Though mentioned only once, Hiroshima and Nagasaki loom large over Nuclear Nation, an assured and sobering documentary that charts the situation in Futaba, Japan, shortly after the 2011 meltdown at the nearby Fukushima Daiichi nuclear power plant.
Due to the catastrophic infrastructural damage wrought by this calamity (and the preceding tsunami and earthquake), most of Futaba’s residents were forced to relocate to a nearby school. Funahashi’s film locates the ongoing tragedy of these circumstances in crowded classroom dorms, cramped makeshift offices, and the uniformly despondent countenances of those who lost homes and loved ones to the catastrophe and who have now been left purgatorial refugees.
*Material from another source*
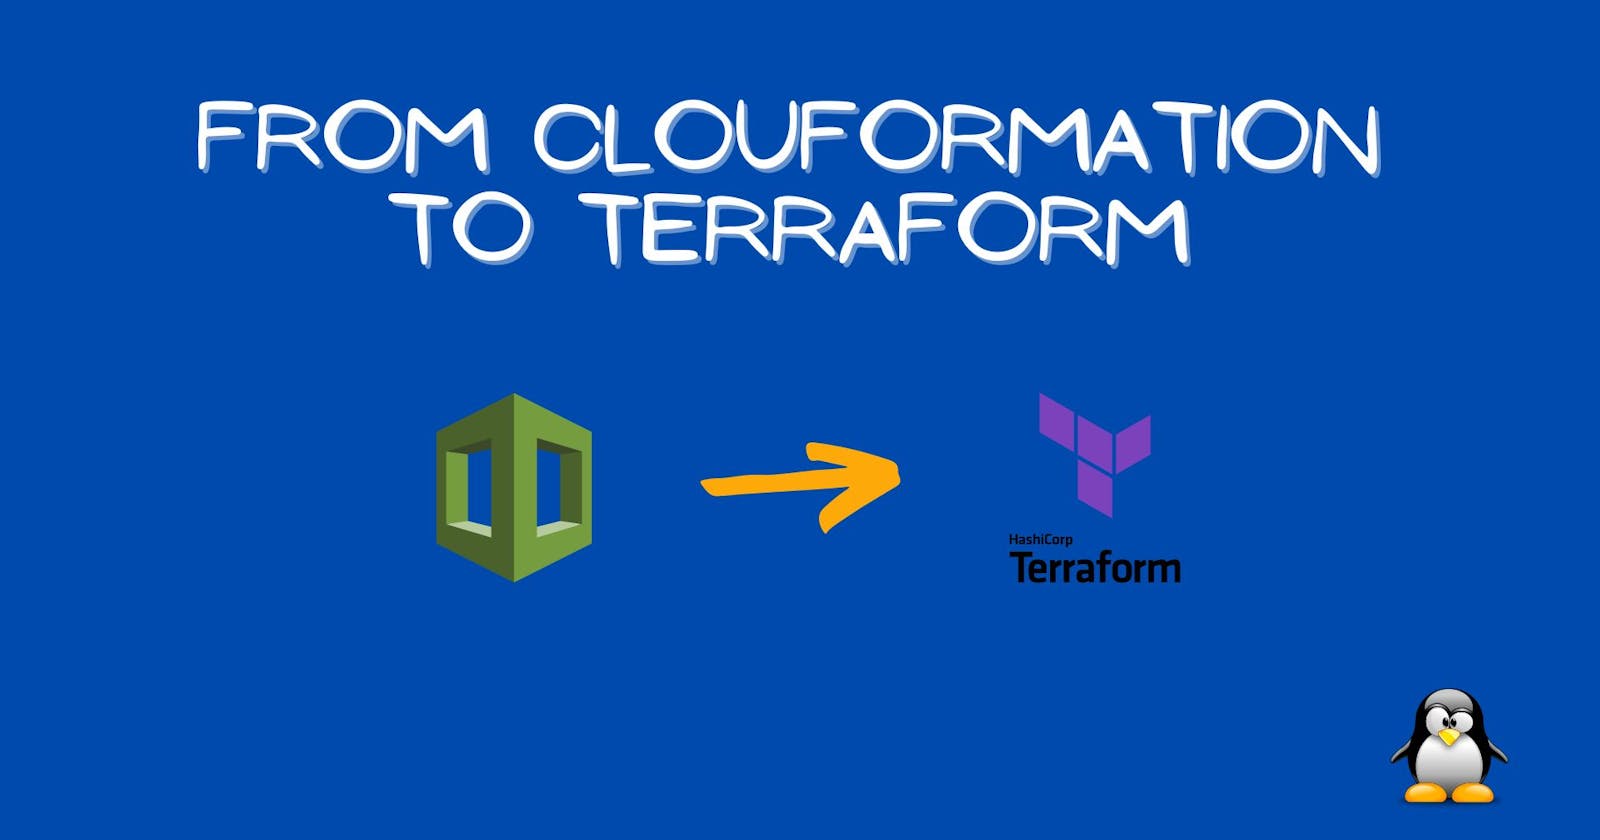 From Cloudformation to Terraform

Employing straightforward, music-free aesthetics that express the grim realities of his story, director Funahashi captures both grief and outrage in equal measure, all of it tinged with the displaced and desolate citizens’ regret over having predicated their fates on the very energy-source technology that cost them so much during WWII.
While one man pines for his Mad Max and Planet of the Apes DVDs, Futaba itself proves to be a true apocalyptic wasteland of demolished buildings and contaminated debris — sights that silently scream out in opposition to indifferent government officials and corporations still committed to using nuclear power.